As you can see, he actually decreased his reliance on his fastball in 2006 — this is when he was shut down for September with arm troubles, mind you — but since then he’s scrapped any form of off-speed/breaking pitches and relied only on fastball and fast breaking pitches with minimal stress on the arm.

Since then, his fastball reliance has skyrocketed. He clearly possesses an excellent fastball, one that he can spot on command and has great late action.  He throws the fastball because it’s his bread and butter pitch and it’s the one that’s going to get a batter out.

Here’s the problem. What happens when Papelbon starts losing velocity on that fastball? His fastball averaged 95.3 miles per hour last year (92.9, 94.3, 94.3 the three years prior) but that’s not going to last. Velocity is the first to go as a player ages.  That’s not something we’re going to have to worry about for quite a few years, but it’s a logical question to bring up when you factor in his injury history.

Look, when Papelbot’s fastball starts waning, it’s obvious he’s going to have to start relying more on his other pitches. That means more sliders and split-fingers. Maybe even bring back the curve and changeup. These are all things that contributed to Papelbon’s injury.

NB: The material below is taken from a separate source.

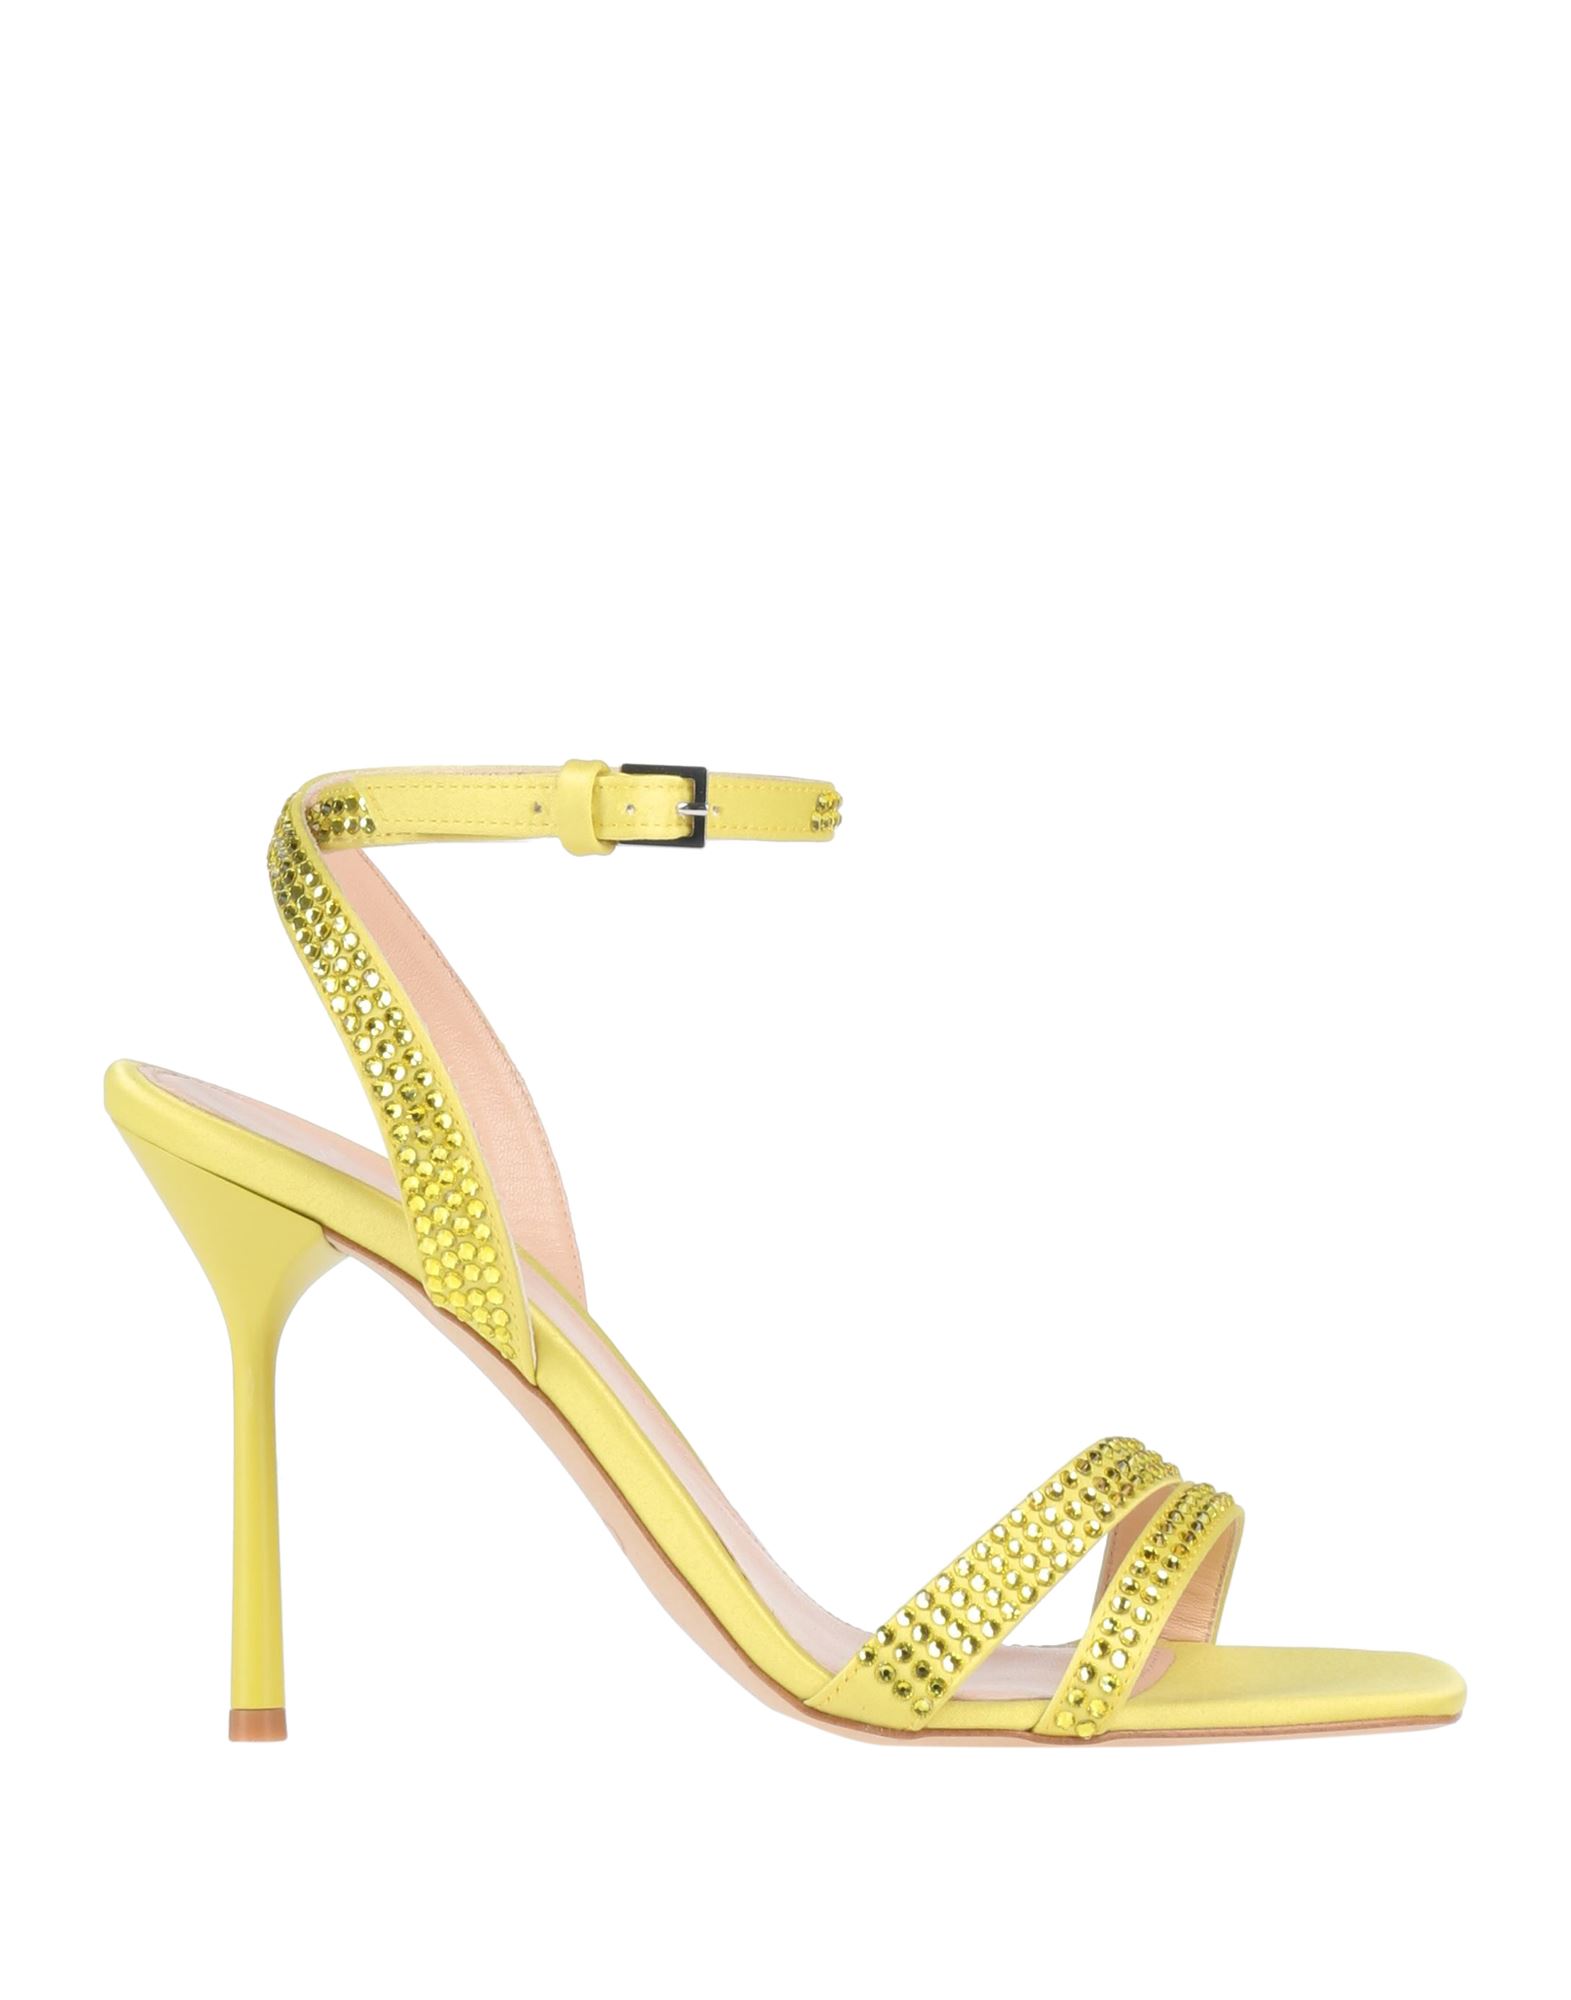 Liu •jo Sandals In Yellow

Chris O’Leary feels that Papelbon is sensitive to future injury due to Papelbon’s hyperabduction:

Some people believe that is is critical that pitchers get their Pitching Arm Side (aka PAS) elbow up above the level of their shoulders at the high-cocked position because they believe that this will help to raise the pitcher’s arm slot. I believe that doing this, which I call Hyperabduction, leads to problems with the rotator cuff and/or the Labrum. What’s more, because a pitcher’s arm slot is a function of their shoulder tilt and not the height of their PAS elbow at the high-cocked position, following this advice with do absolutely nothing to alter a pitcher’s arm slot.

Increasing Papelbon’s reliance on off-speed pitches along with the hyperabduction theory means that Papelbon could have a far shorter career than anticipated — perhaps even follow the Dick Radatz career more than the Mariano Rivera career.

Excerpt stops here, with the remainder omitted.